We find ourselves completely baffled by the uproar over the publication of the Turkish-language “Blue Book,” a once-secret British dossier that chronicled the Armenian genocide some 93 years ago. The Turkish government’s griping is predictable enough, of course, given its long history of chafing at public mention of the slaughter. But we’re mystified as to why anyone thinks the Blue Book could possible contain explosive revelations, given that Henry Morgenthau‘s 1918 account of the genocide could scarcely be more detailed or more damning.
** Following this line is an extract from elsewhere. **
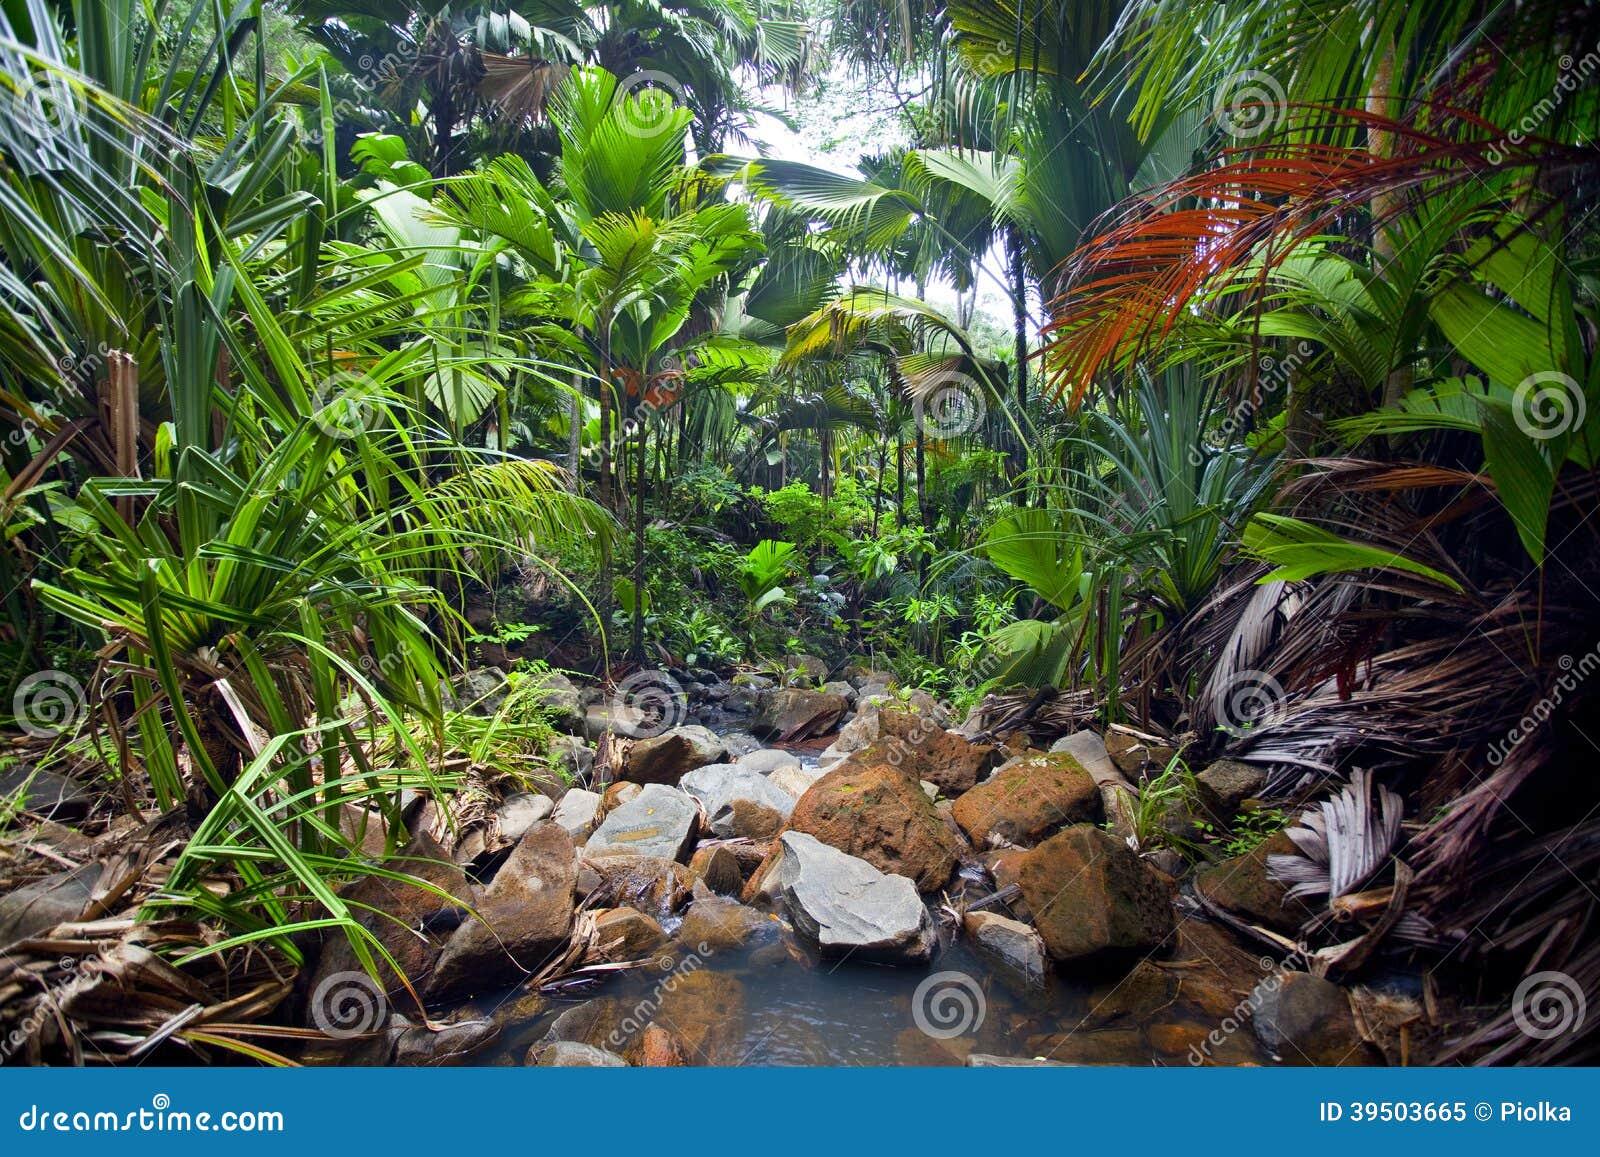 Jungle Landscape with creek

The American diplomat, who server as ambassador to the Ottoman Empire during World War I, pulled no punches in his memoir, quoting directly from internal Turkish figures on the number of Armenian deportees who were murdered en route to their new homes—homes they were never meant to reach in the first place:
It is absurd for the Turkish Government to assert that it ever seriously intended to “deport the Armenians to new homes”; the treatment which was given the convoys clearly shows that extermination was the real purpose of Enver and Talaat. How many exiled to the south under these revolting conditions ever reached their destinations? The experiences of a single caravan show how completely this plan of deportation developed into one of annihilation…Out of the combined convoy of 18,000 souls just 150 women and children reached their destination. A few of the rest, the most attractive, were still living as captives of the Kurds and Turks; all the rest were dead.
Morgenthau’s entire chapter on the Turks’ machinery of death is worth reading. As is the follow-up chapter in which the leader of the Young Turks tries to justify the massacres on the grounds that the “deportations” were necessary for self-defense. Color us deeply unconvinced.